Wir setzen uns auf Bundesebene für hocheffizientes Bauen ein mit dem Ziel, künftig nur noch Plus-Energie-Gebäude bzw. Gebäude im Passivhaus-Standard zu errichten, ergänzt durch die Regelung, dass ab dem Jahr 2024 jede neu eingebaute Heizung mit 65 Prozent Erneuerbarer Energie betrieben werden soll.

Wir wollen durch intelligente Sanierungsstrategien wie etwa die bewährte Quartierssanierung oder serielle Sanierung die Senkung des CO2-Ausstoßes bei Bestandsgebäuden beschleunigen.
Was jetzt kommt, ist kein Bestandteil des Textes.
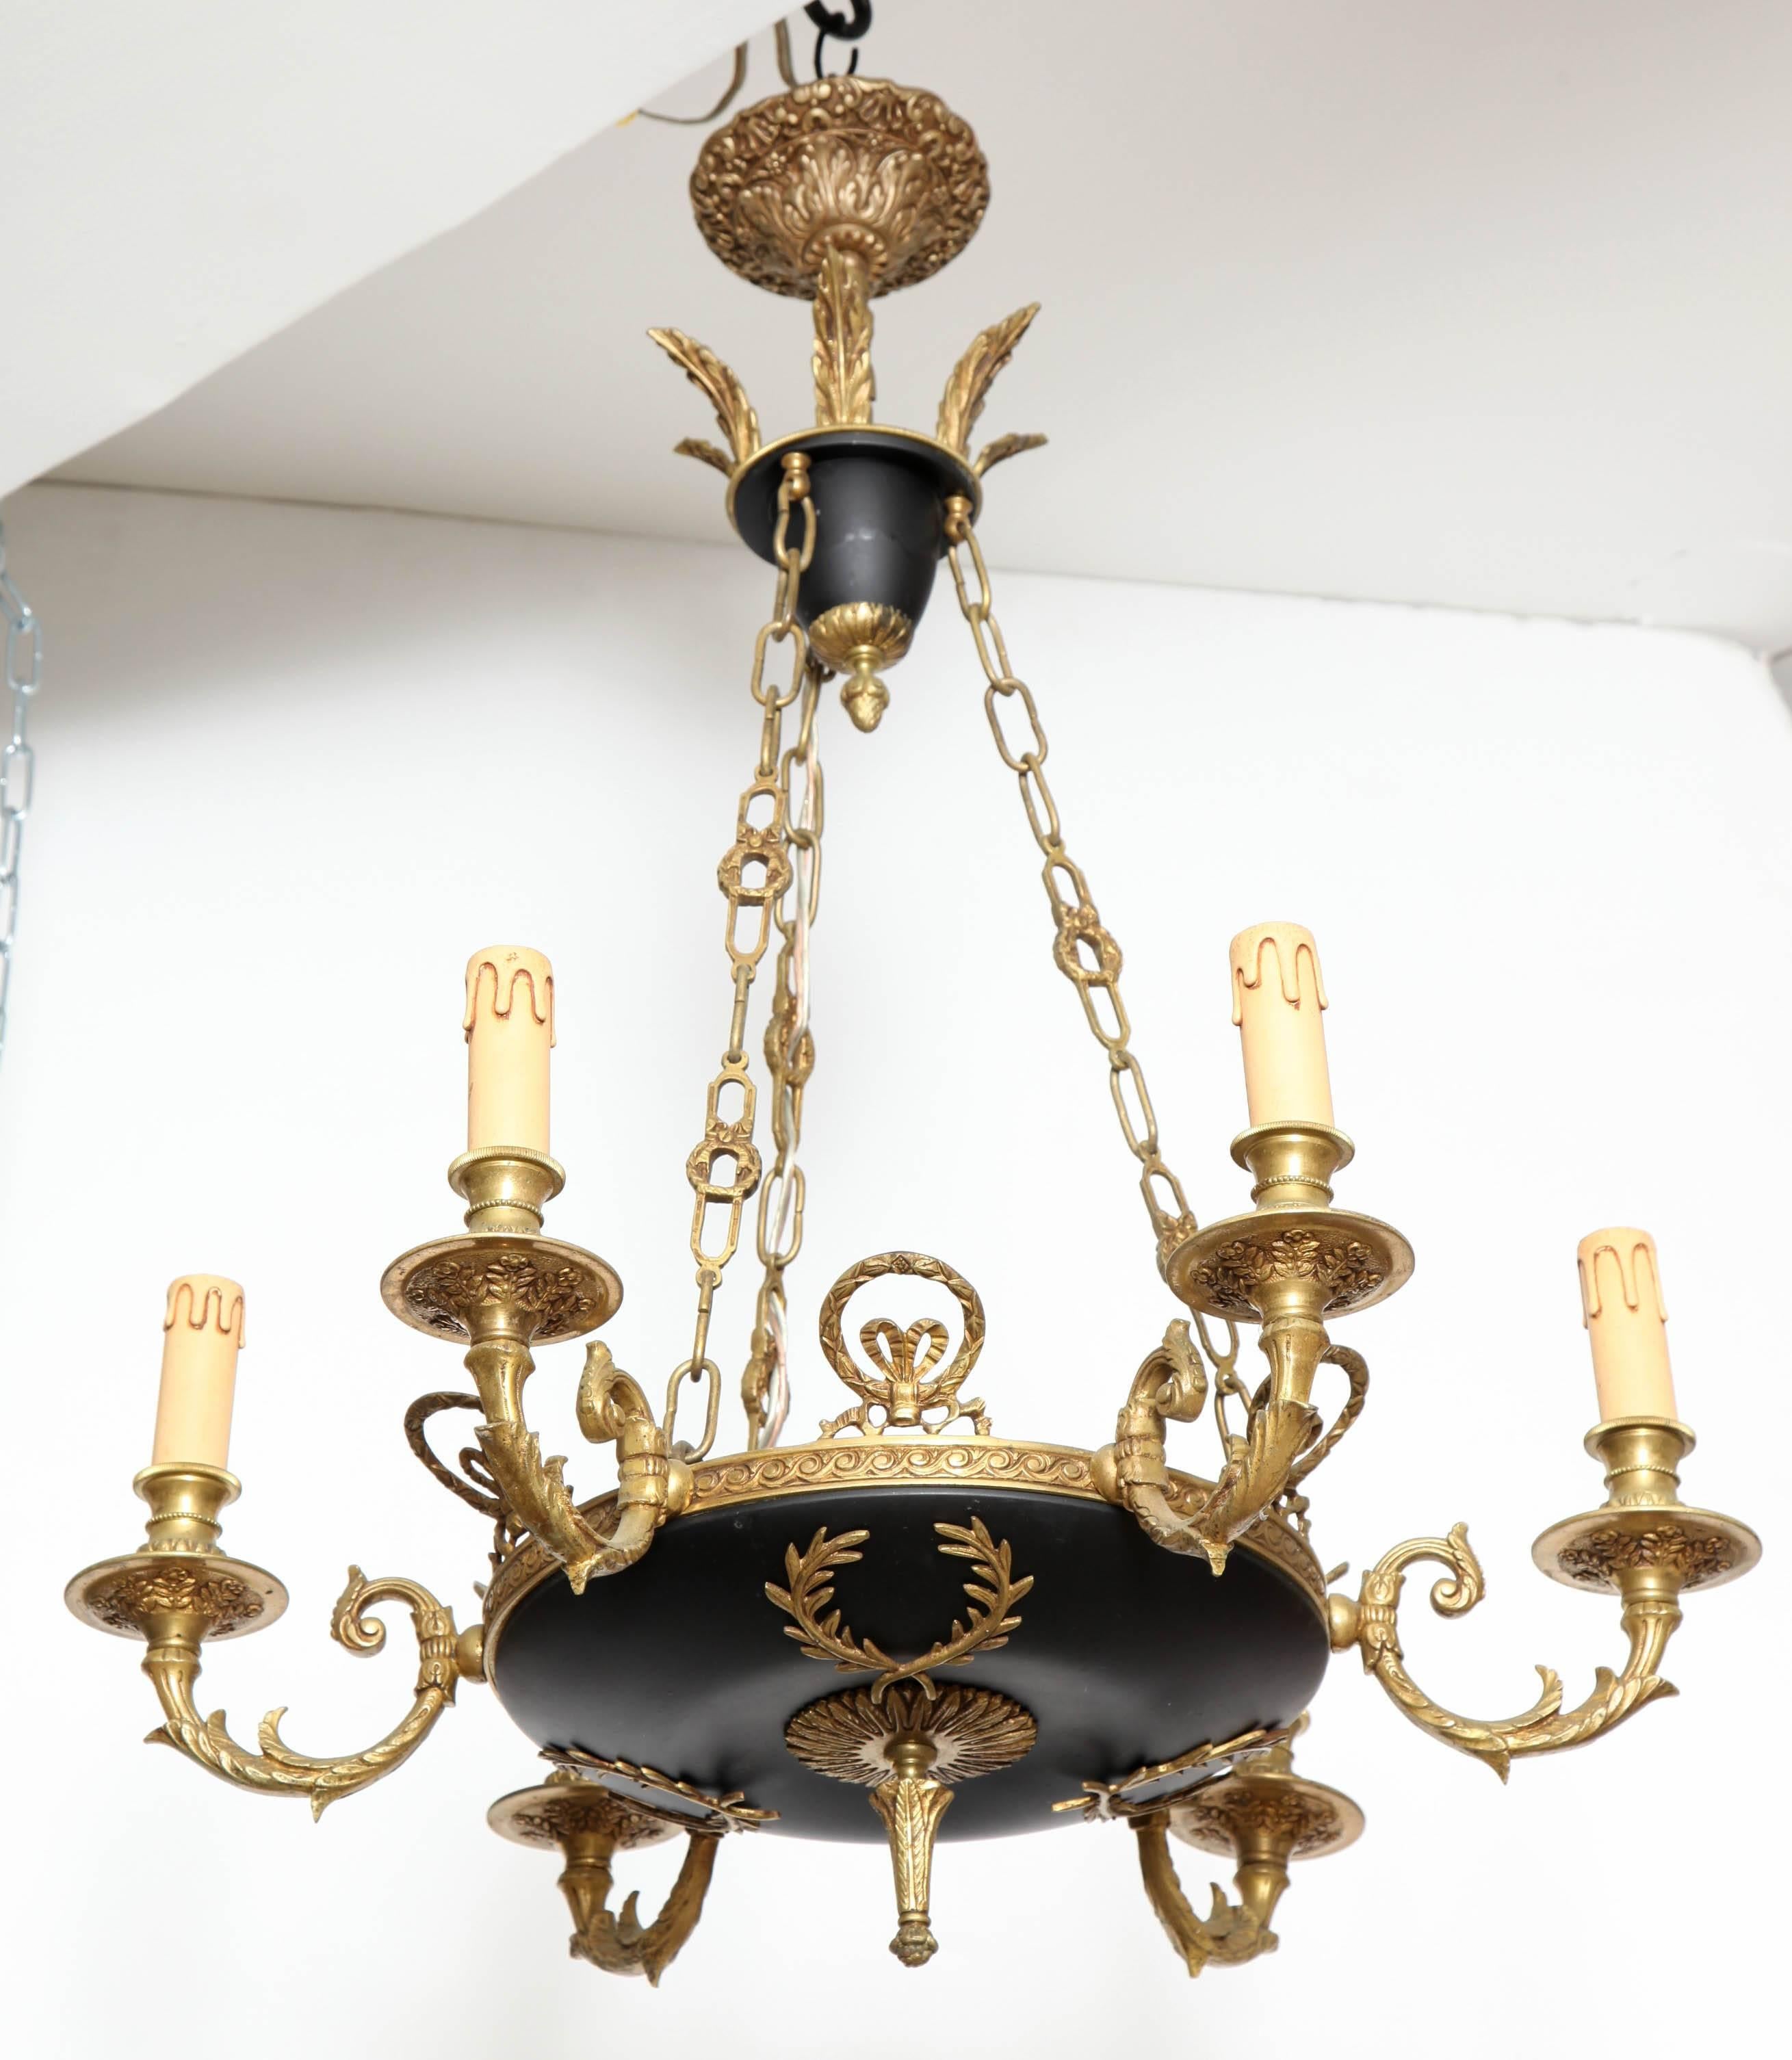 Empire style chandelier in 2 patinated bronze black and faded gold with chain and canopy
6 arms

Mit einer verbindlichen Wärmeplanung für alle Kommunen wollen wir mehr Tempo für die klimafreundliche Wärmeversorgung ermöglichen. Mit guten Ergebnissen überzeugen bereits solare Nahwärmekonzepte inklusive der dazugehörigen Wärmenetze oder auch „Energiedörfer“. Diese Konzepte müssen aktiver als Lösung angeboten und eingesetzt werden.

Wasserstoff

Die hessische Wasserstoffstrategie wollen wir konsequent umsetzen und weiterentwickeln. Grüner Wasserstoff bietet uns durch eine rein stoffliche Nutzung im industriellen Bereich viele effektive Möglichkeiten, fossile Rohstoffe zu ersetzen. Wir wollen Grünen Wasserstoff dort einsetzen, wo es sinnvoll ist und wo z.B. eine Elektrifizierung nicht möglich ist. Unser Ziel ist es, konsequent Einsatzgebiete mit hoher Gesamteffizienz zu fördern.

Fachkräfte

Die beschleunigte Energie- und Wärmewende in Hessen muss durch eine massive Ausbildungs- , Umschulungs- und Qualifizierungsoffensive für Fachkräfte gestützt werden, um qualifizierte Energieberatung sowie Einbau und Wartung technischer Anlagen zu gewährleisten. Insbesondere das Handwerk als wichtigster Akteur des konkreten „Machens“ wollen wir hierbei gezielt unterstützen.

Beteiligung

Durch attraktive Beteiligungsmodelle für Bürger:innen und Kommunen erhöhen wir die Akzeptanz sowie die Identifikation mit der Energie- und Wärmewende vor Ort. Deshalb wollen wir bestehende oder geplante Energiegenossenschaften sowie Bürgerbeteiligungsmodelle fördern.

Stromnetze

Für eine sichere und stabile Stromversorgung in ganz Hessen müssen korrespondierend zum massiven Ausbau der Erneuerbaren Energien die Stromnetze ausgebaut werden. Grundsätzlich gilt: Energie wird am effizientesten dort verbraucht, wo sie produziert wird.

Beratung und Kampagnen

Die Beratungsangebote für Kommunen, Wirtschaft und Bürger:innen der Landesenergieagentur (LEA) Hessen, sowie regionaler Energieagenturen müssen deutlich ausgebaut werden. Getragen werden muss die Beratungsoffensive von einer massiven öffentlichen Informationskampagne, um die Menschen in Hessen für eine klimafreundliche, nicht-fossile Strom- und Wärmeerzeugung sowie Energieeffizienz zu begeistern. Eine umfassende Klimakommunikation ist hierfür entscheidend.